[Discussion] Appreciation for the elegant training mechanism (DEQ approximation + Deep Supervision)

[narvind2003]

First off, thank you for this fantastic paper and open-sourcing the code. The architecture is incredibly elegant, and I believe the way the model learns is just as innovative as the hierarchical structure itself.

I was particularly struck by the interplay between two core ideas:

1. The use of a one-step gradient approximation, theoretically grounded as a first-order approximation of the DEQ/IFT gradient, to avoid the computational and memory costs of BPTT. 🥇
2. The deep supervision loop (the M-loop), where the model performs multiple forward/backward passes on the same example, starting each new session from the hidden state of the last. 👏🏼👏🏼👏🏼

On its own, the one-step gradient seems myopic; it can't easily assign credit for errors that occurred early in a long computational chain.

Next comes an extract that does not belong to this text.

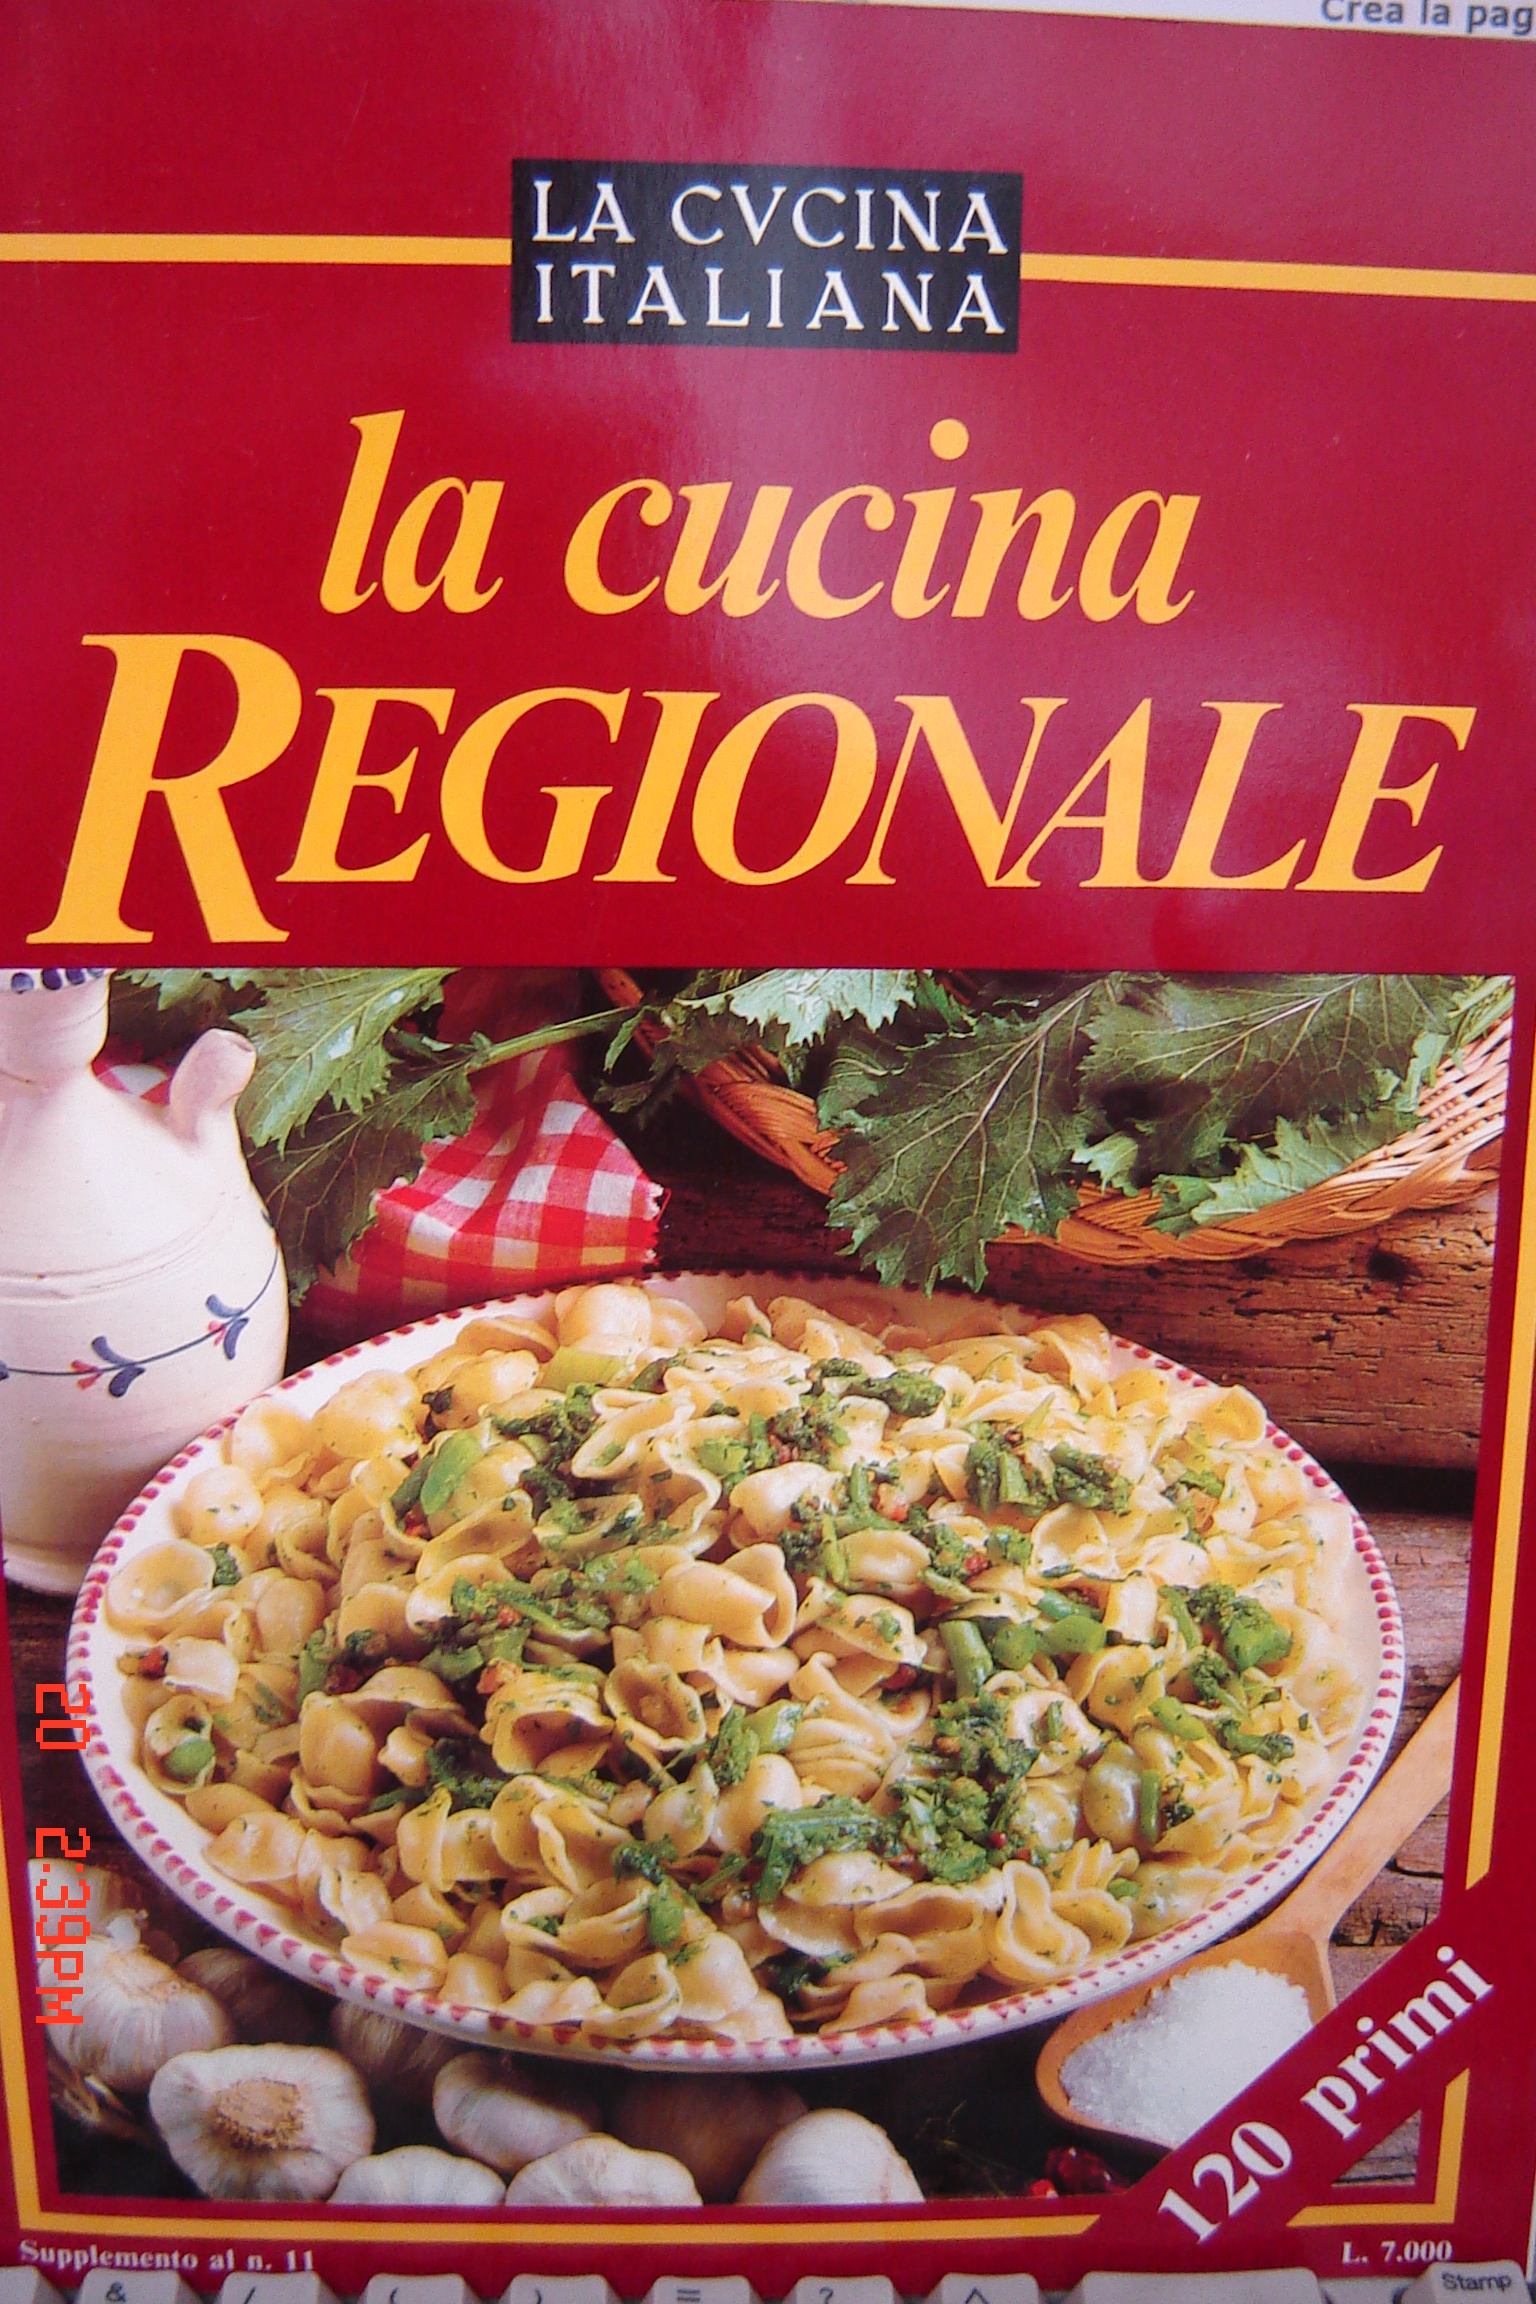 La cucina regionale

However, it seems the deep supervision loop brilliantly solves this. By making the flawed hidden state from the end of session m-1 the starting point for session m, any "buried" errors are brought into the present, where the one-step gradient can finally see them and correct the underlying logic.

This feels like a foundational insight into how to train deep, recurrent reasoning systems efficiently. Was this interplay - using the deep supervision loop to directly compensate for the myopic nature of the one-step gradient - a deliberate design from the start, or an emergent property discovered during experimentation?

I was so inspired by this design that I wrote a detailed blog post attempting to explain these inner workings with analogies, aimed at helping a broader audience appreciate the depth of the work. I'm sharing it here in case it's useful for others trying to understand the model's mechanics.

👉[Link to blog post]

Thanks again for the wonderful contribution to the field.

[yuedajiong]

1. Although the current "completion-level" of a task can be inferred(simplified by linear + activation [+BCE]) from latent_high (z_H), this architectural design: task-solving is "tightly coupled" with task-completion status in same network is clearly not ideal. It imposes significant limitations on the "types of tasks" that can be handled.

2. Although recurrence and attention mechanisms, and even hierarchical structures, are important characteristics of highly intelligent models, they are clearly not sufficient. Beyond widely used routing strategies, long-short “explicit” memory, I think, fundamental problem solving patterns such as """looped involving (associate/search + try/execute + estimate)""" are difficult to bypass.

[qwas982]

能否使用MoR(基于transformer架构) + 扩散模型, 的方式来模拟HRM?

Can we use MoR (Mixture of Recursions, Transformer-based architecture) + Diffusion architecture to simulate HRM?